L’architecture d’intérieur devient alors un support pour l’art, où tous les détails sont calculés, où tous les éléments sont mesurés. Tout est pensé pour faire écho à l’univers de l’artiste, à commencer par les couleurs et les matériaux, inspirés directement de ses peintures. Du bois teinté avec son vert profond, à la résine minérale couleur bordeaux, ou encore du grès cérame Winckelmans, clin d’œil au savoir-faire nordiste.
« L’architecture devient un tableau en trois dimensions, jouant avec les perspectives faussées, les couleurs franches, et les matières expressives comme une immersion dans une peinture vivante. L’ambiance n’est pas réaliste, mais émotionnelle, à l’image du regard subjectif de Hockney. »

Le niveau inférieur, baptisé « La Piscine », rend hommage au tableau A Bigger Splash (1967). Dans cette salle de restauration, le visiteur est plongé dans l’univers chromatique du peintre, à travers les matériaux choisis avec soin. Mais ce sont les détails qui rendent l’expérience plus immersive. Une échelle représente le plongeoir, et la grande ouverture entre le rez-de-chaussée et le sous-sol invite symboliquement le visiteur à plonger dans la piscine. Et quoi de mieux, finalement, que de penser cette salle aux différentes zones humides comme une pièce d’eau cachée sous les étages.
Dans PALET, chaque niveau raconte une histoire, et compose une ambiance. Au rez-de-chaussée, « Le Salon », un bar lounge qui accueille les visiteurs en préambule du restaurant-galerie. Le mobilier s’inscrit pleinement dans l’univers du peintre, au-delà des œuvres, mais jamais sans trahir son utilité.

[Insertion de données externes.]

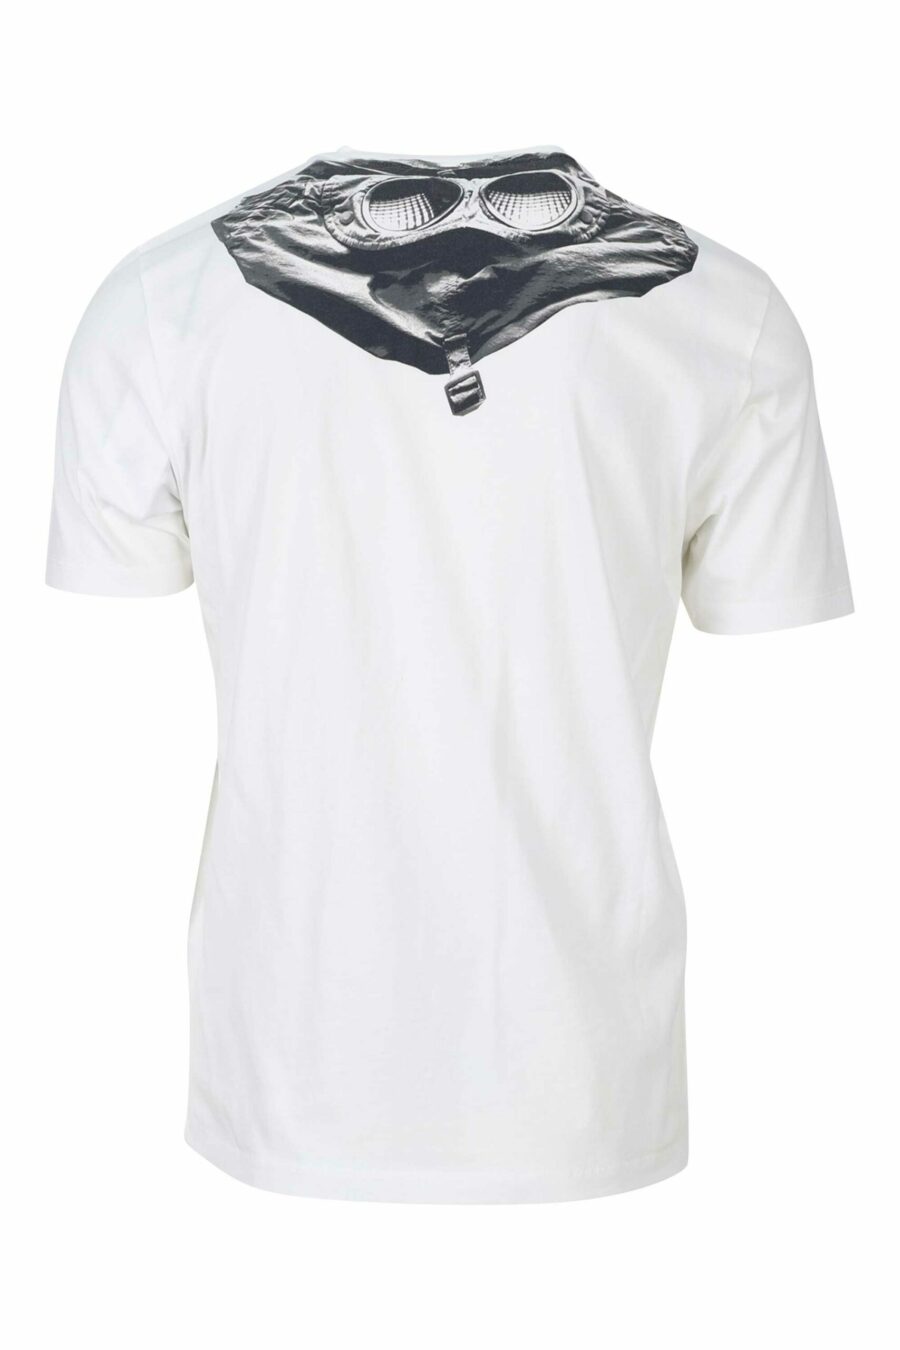 Weißes T-Shirt mit Kapuze und Logoaufnäher - 7620943570397 1 1 skaliert

L’étage supérieur quant à lui est évocateur, « La Galerie », une salle d’exposition de 18 couverts où l’on déjeune entouré d’œuvres, où l’expérience culinaire se vit comme dans un musée vivant. Chaque table est un point d’observation, et chaque plat est un prolongement de la scénographie.
Et pour clore la visite, un promontoire suspendu, « Le Balcon », offre une vue plongeante sur La Galerie, apportant une autre lecture des œuvres, un autre regard, un jeu de perspective qui incite le visiteur à revenir pour découvrir une nouvelle approche dans l’expérience sensorielle que propose PALET.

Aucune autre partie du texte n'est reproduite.